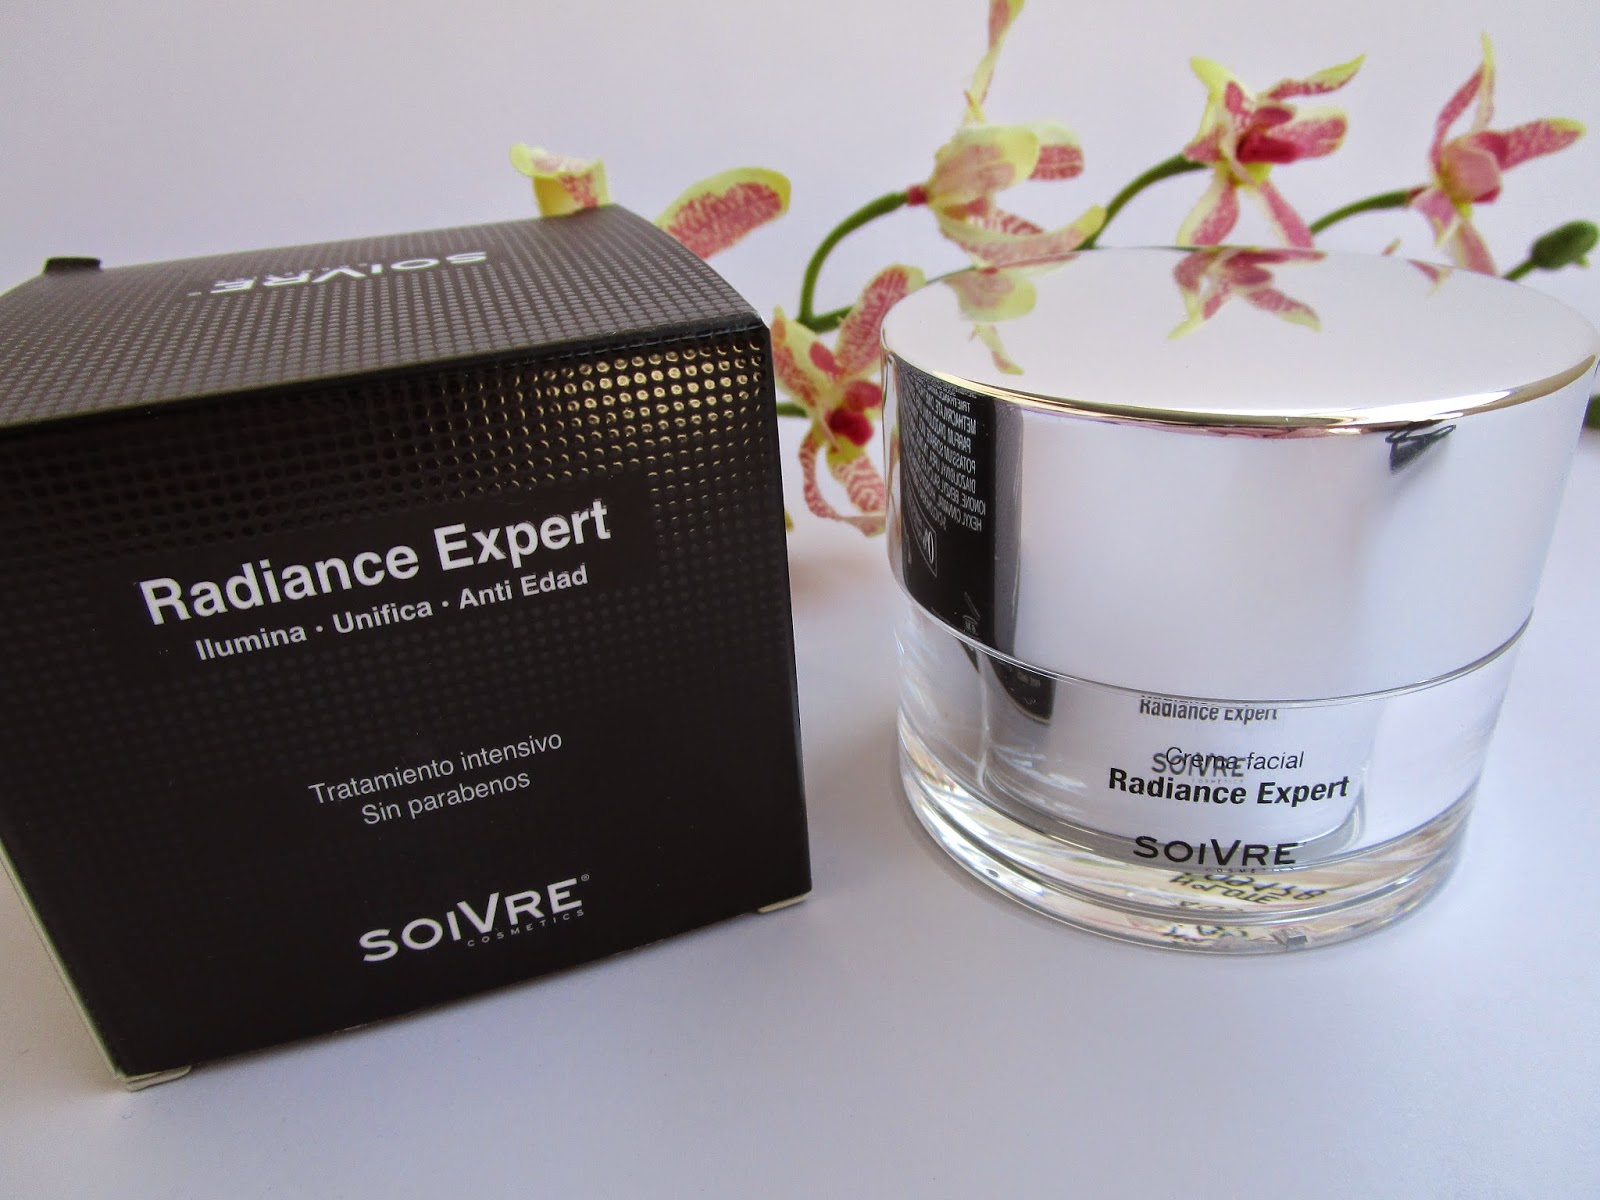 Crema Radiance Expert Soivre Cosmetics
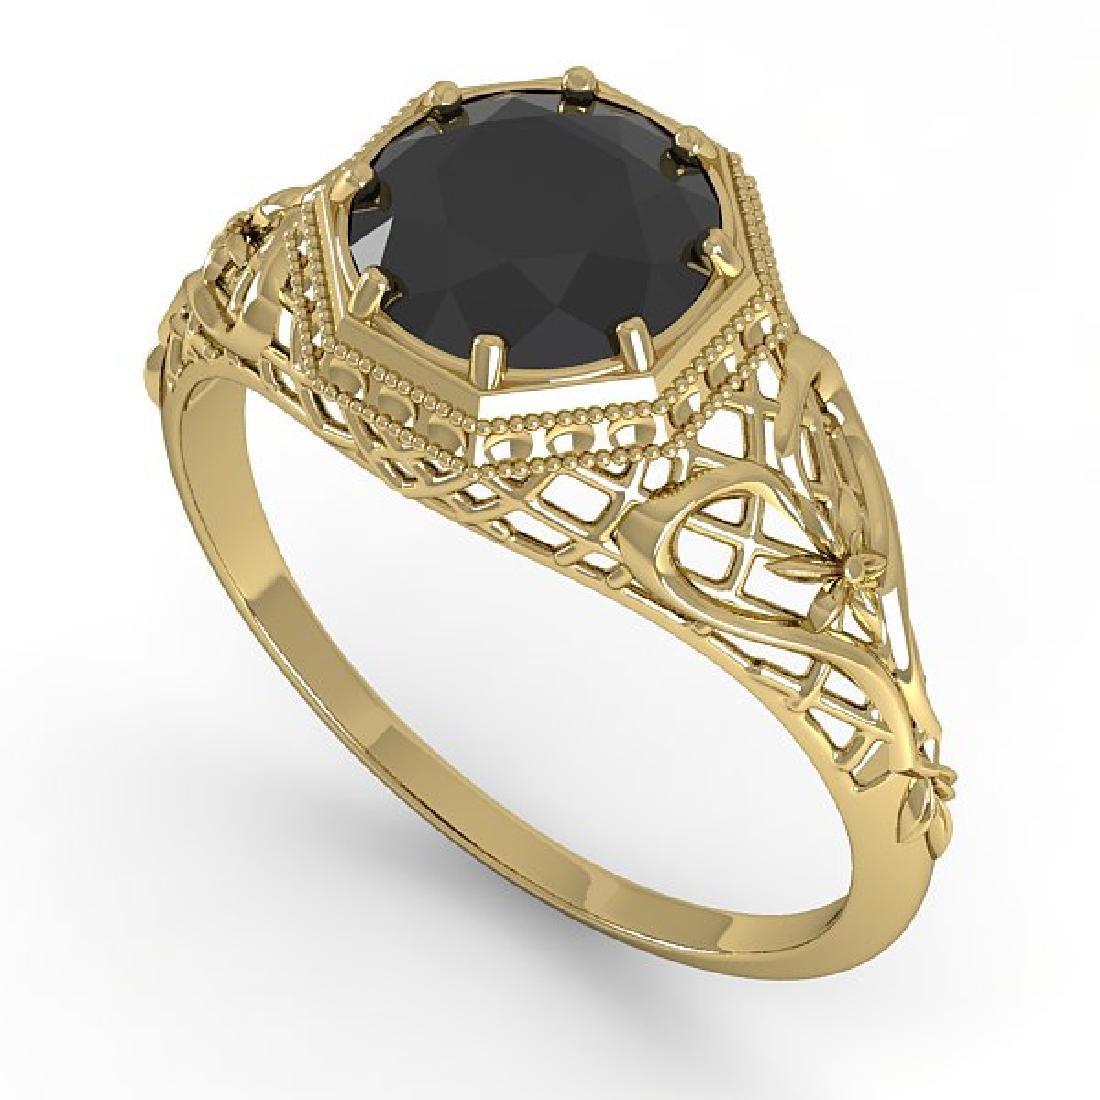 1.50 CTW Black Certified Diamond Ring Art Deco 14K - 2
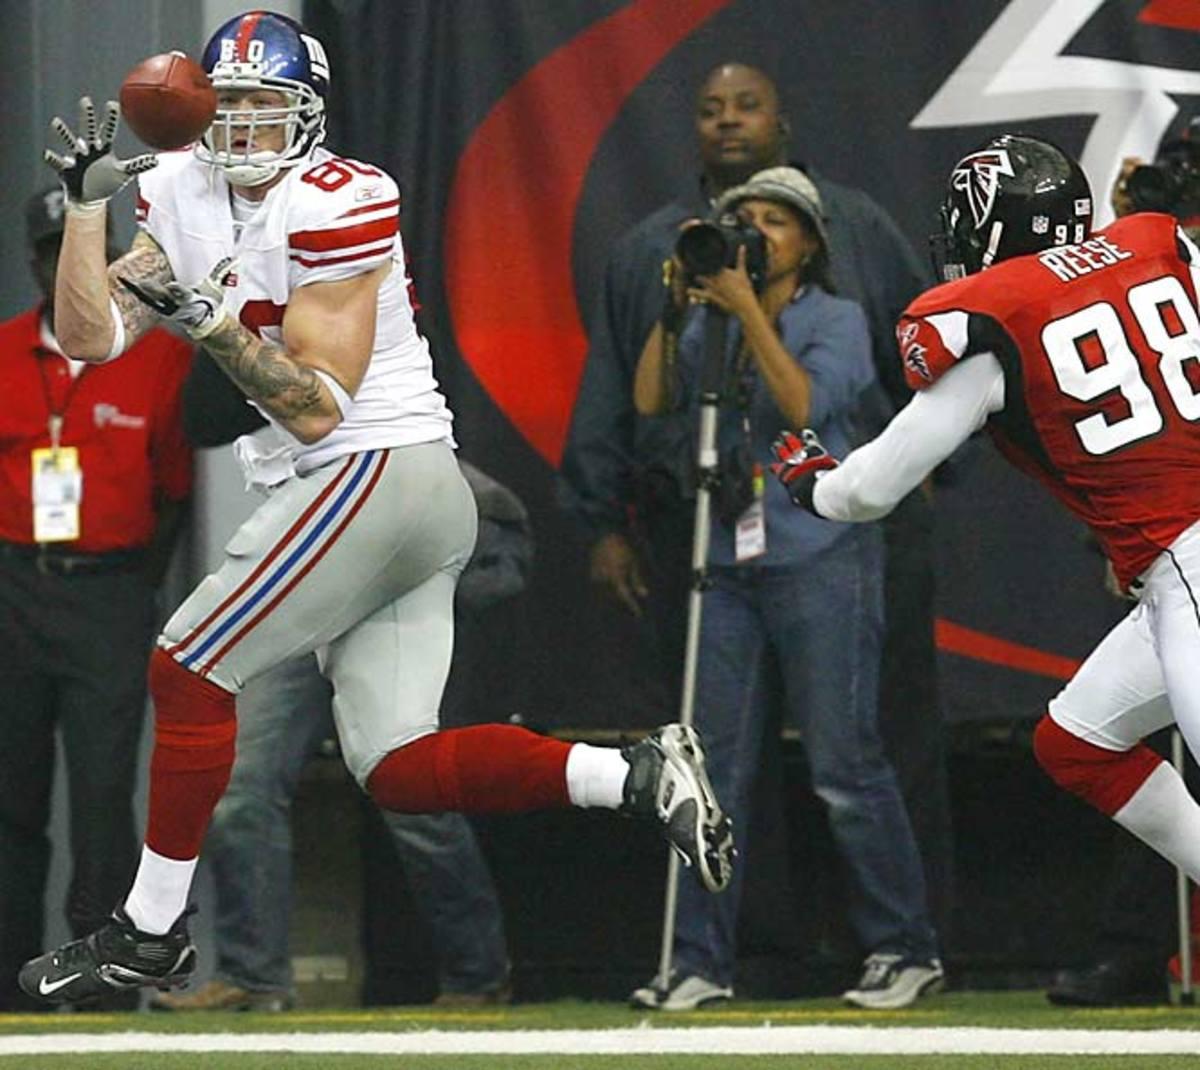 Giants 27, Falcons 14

- Exercise instructions -
Return the listing above in full and exactly, omitting all pictures.

- Written reply -
 Crema Radiance Expert Soivre Cosmetics
 1.50 CTW Black Certified Diamond Ring Art Deco 14K - 2
 Giants 27, Falcons 14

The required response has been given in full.